INSTRUCTIONS TO FOLLOW
Return each line of the listing exactly, though without its images.
[RECORDED INFORMATION]
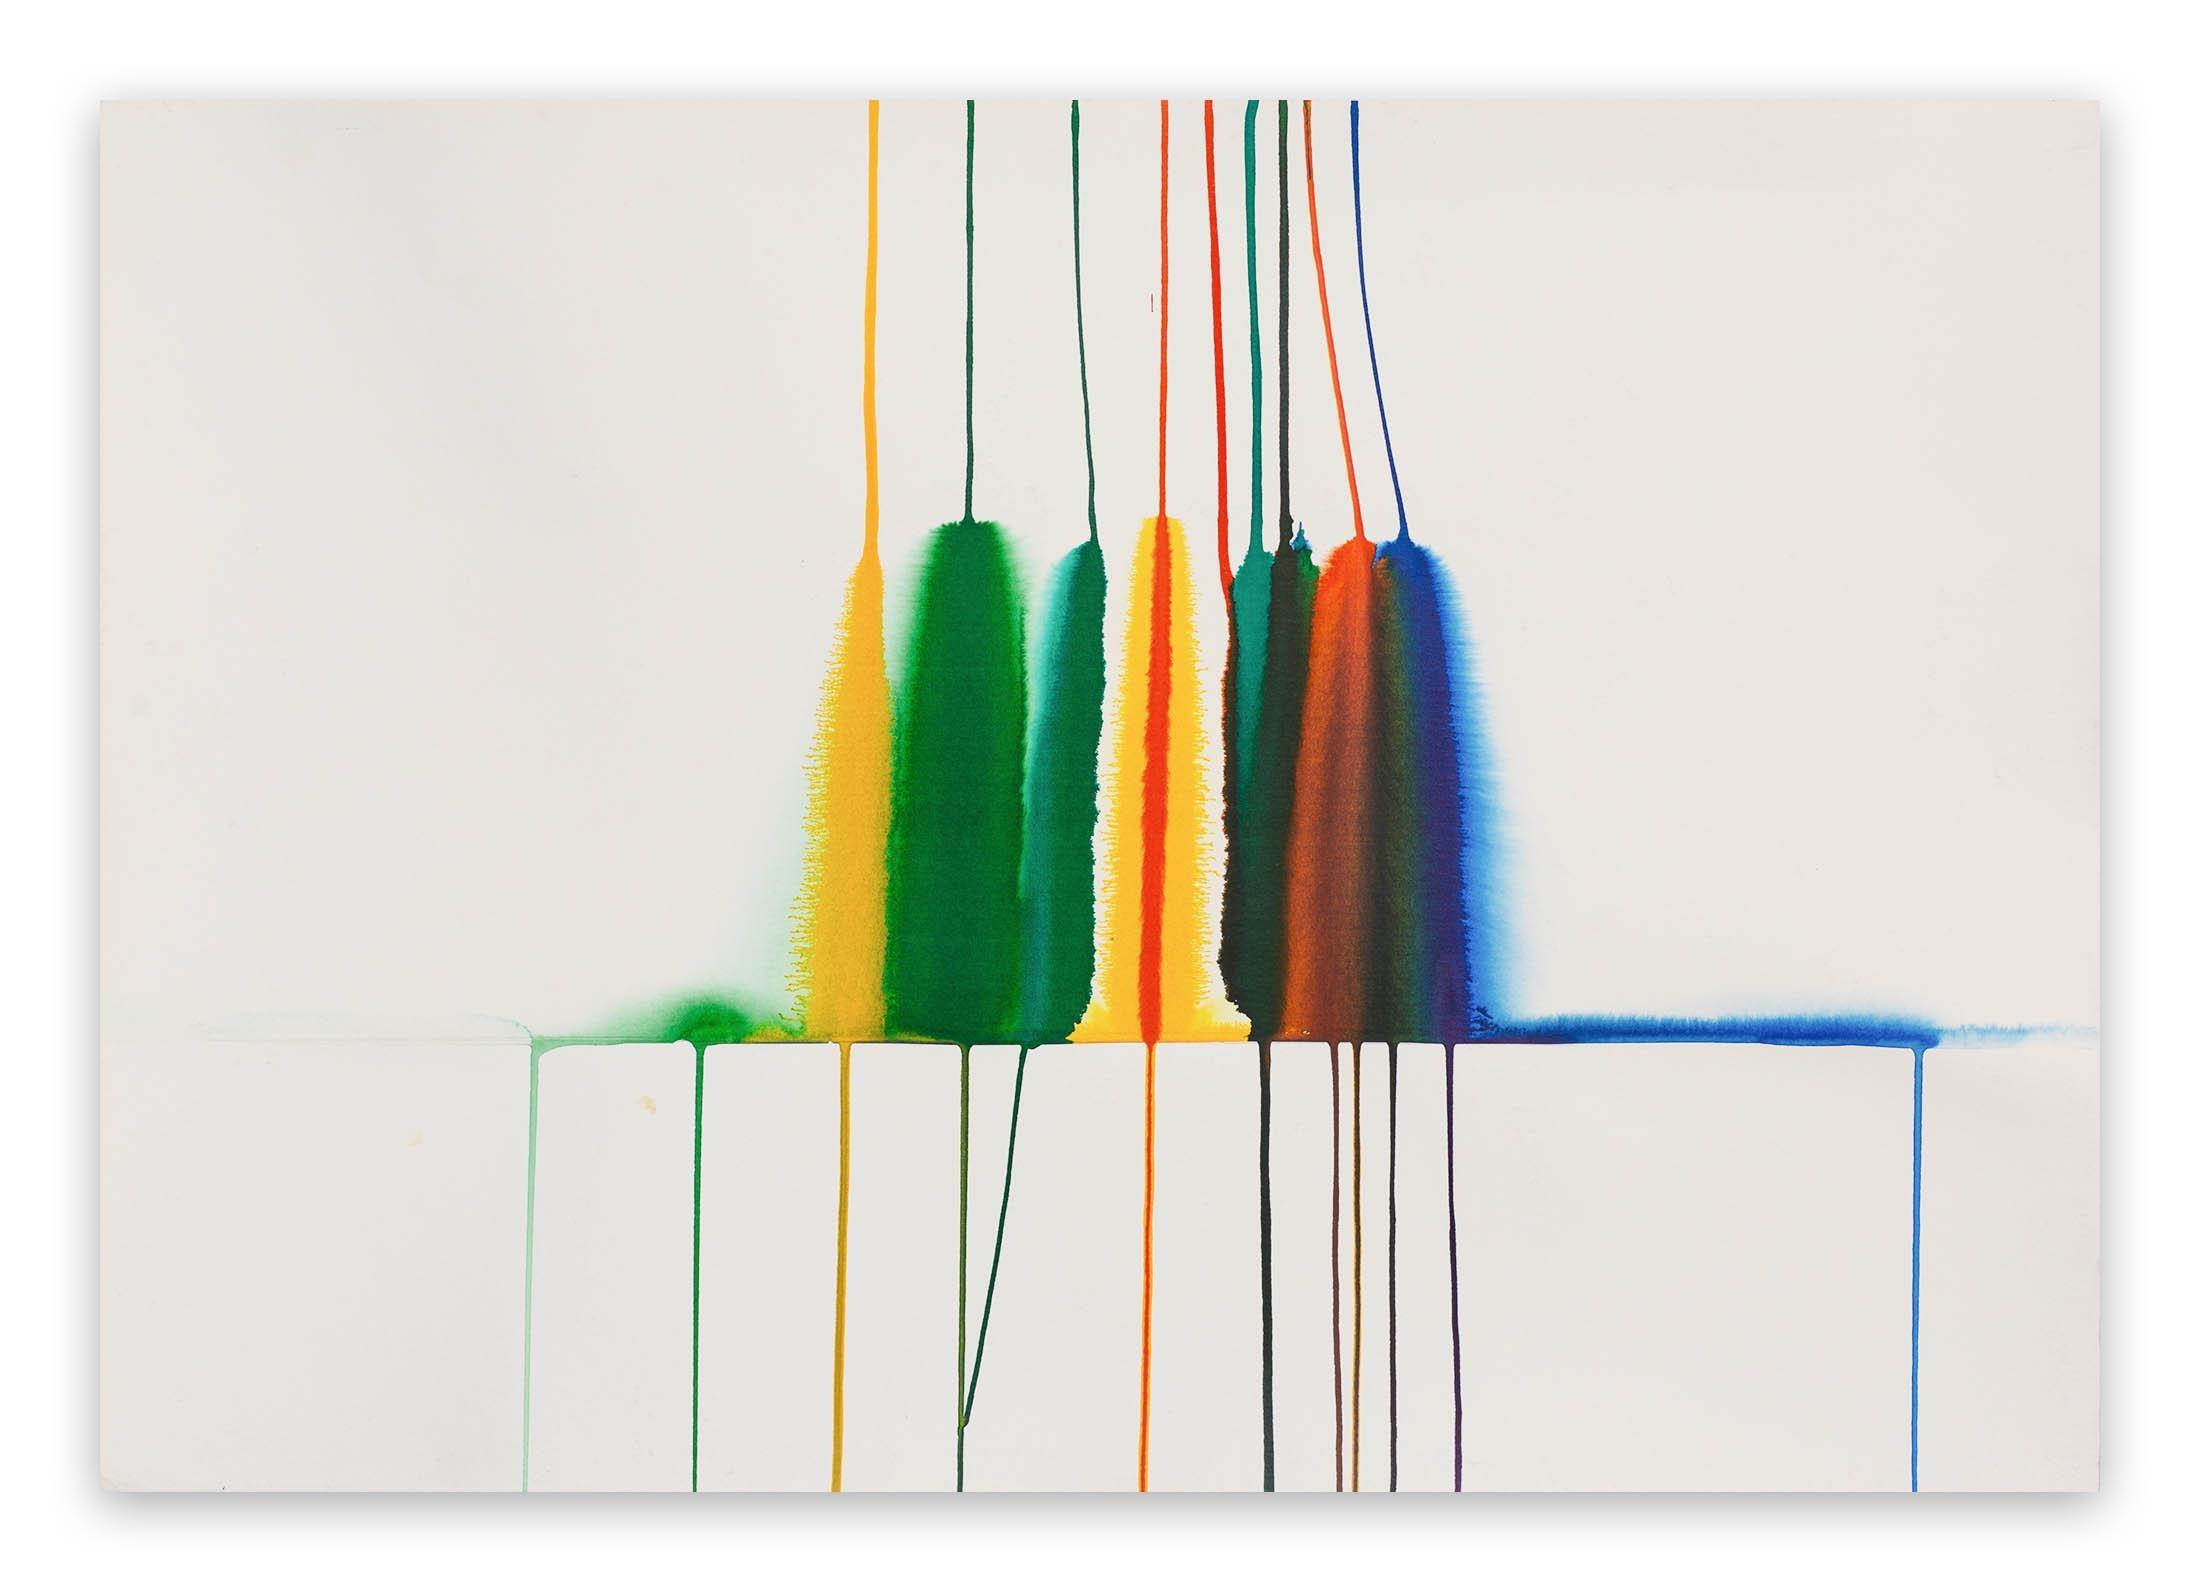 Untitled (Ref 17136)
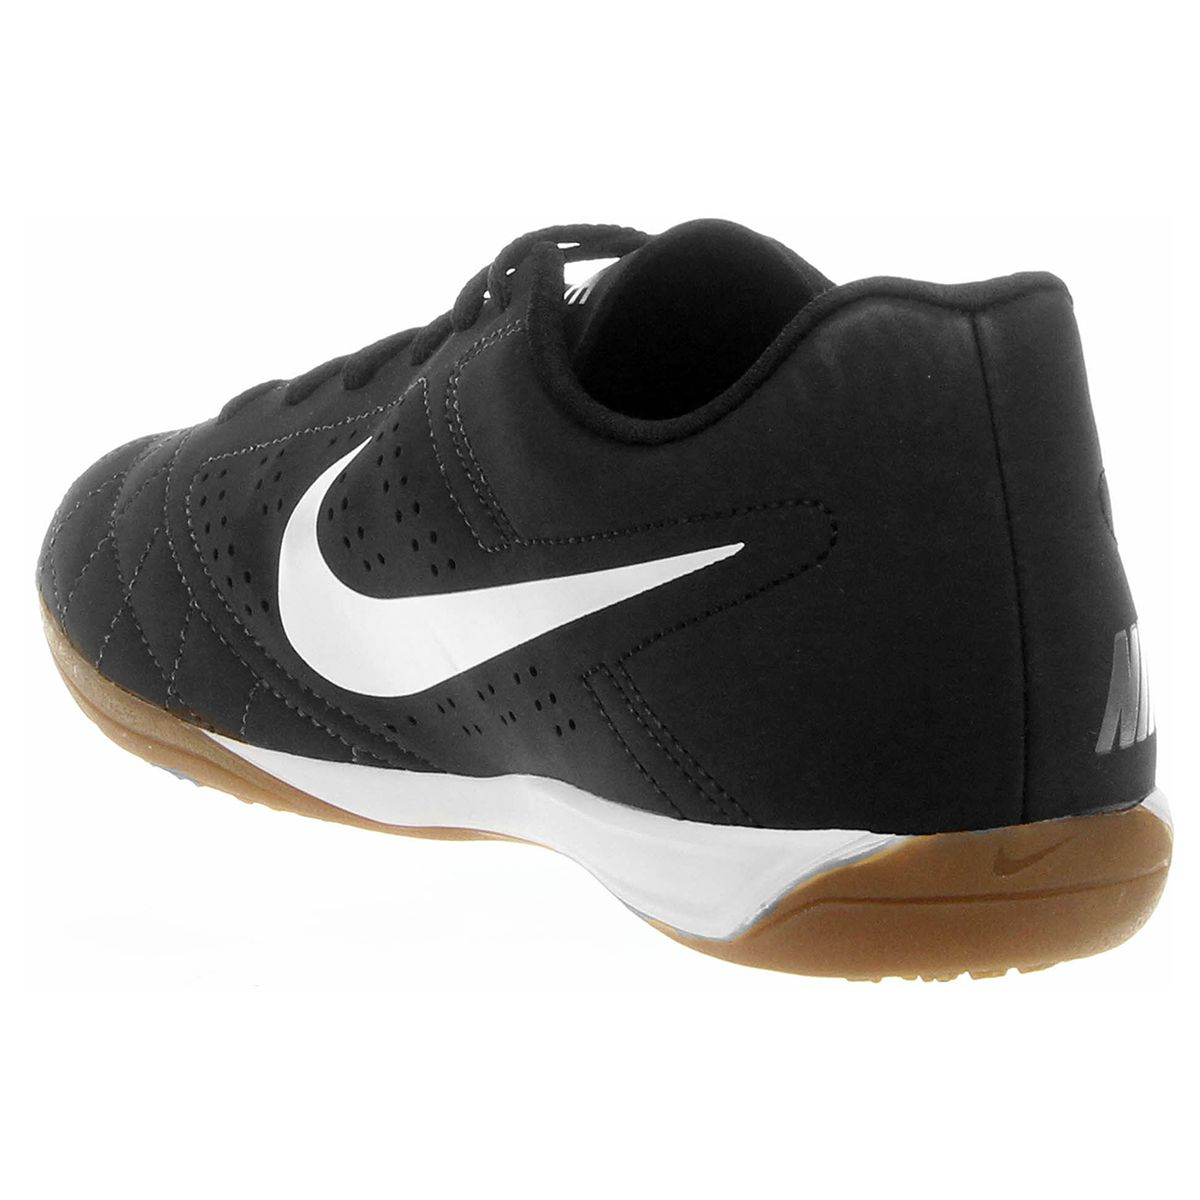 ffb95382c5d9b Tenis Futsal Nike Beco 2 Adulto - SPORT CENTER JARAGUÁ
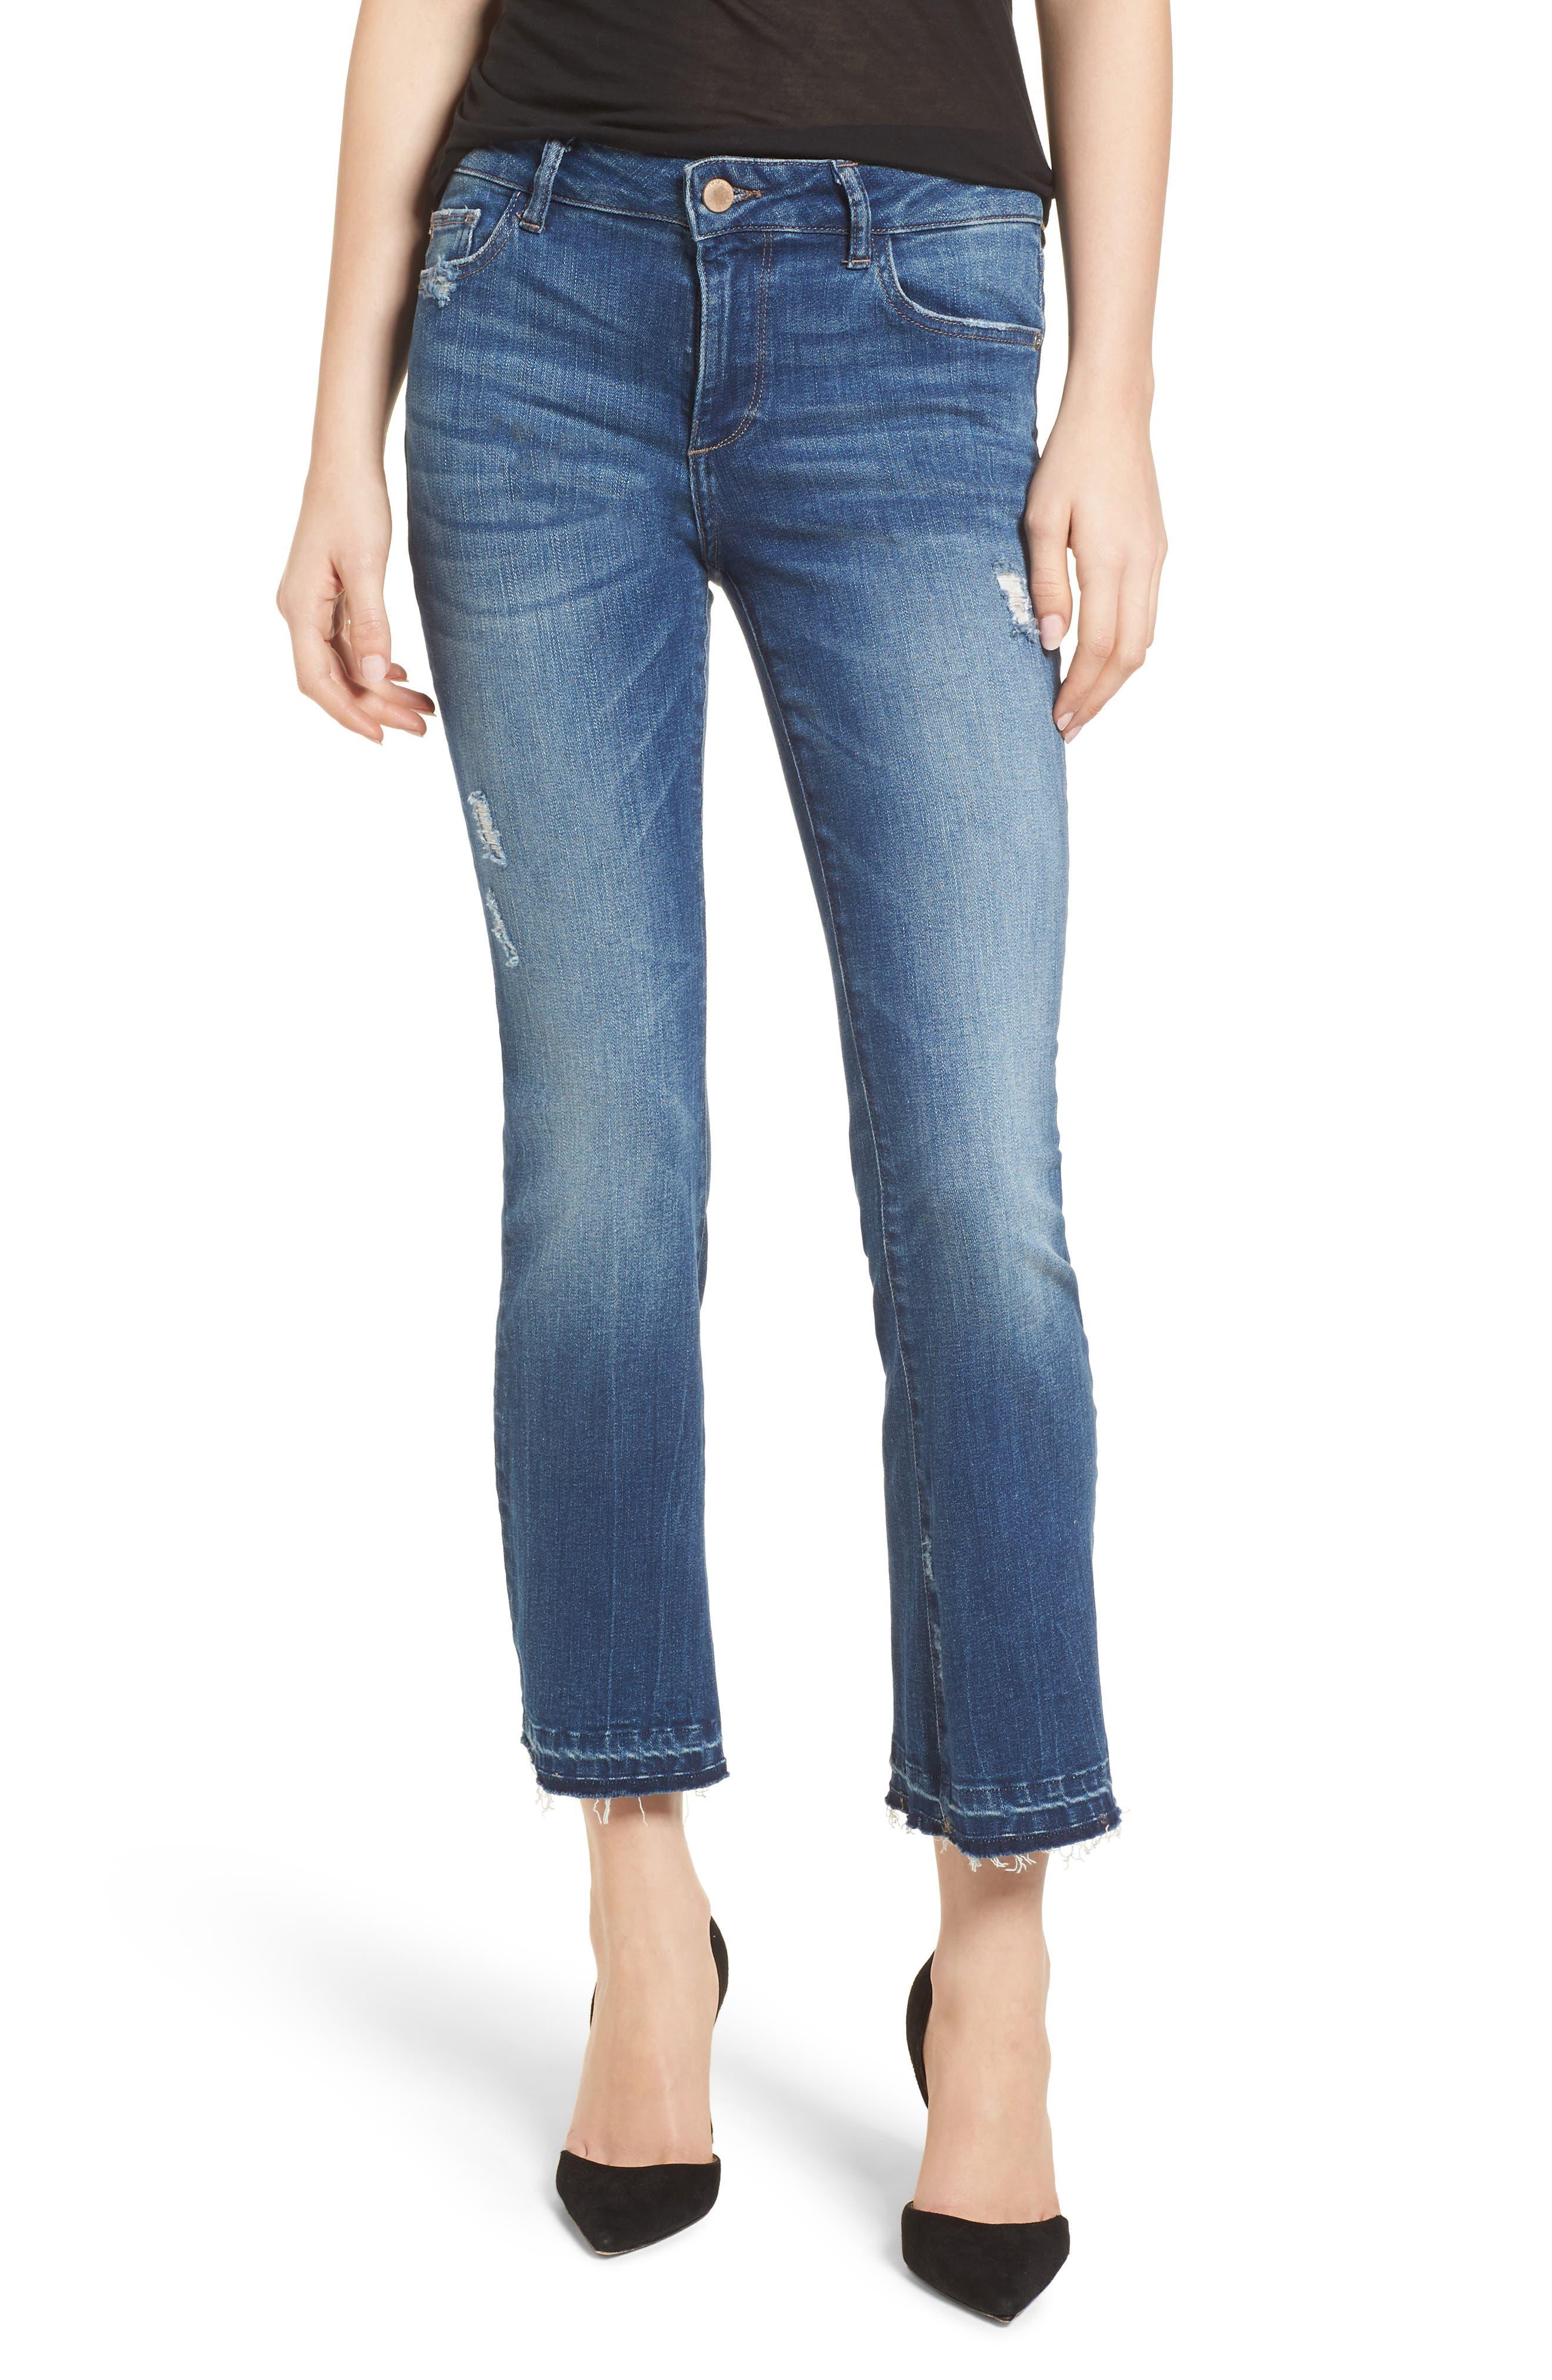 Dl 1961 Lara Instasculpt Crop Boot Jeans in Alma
[/RECORDED INFORMATION]
WRITTEN ANSWER
 Untitled (Ref 17136)
 ffb95382c5d9b Tenis Futsal Nike Beco 2 Adulto - SPORT CENTER JARAGUÁ
 Dl 1961 Lara Instasculpt Crop Boot Jeans in Alma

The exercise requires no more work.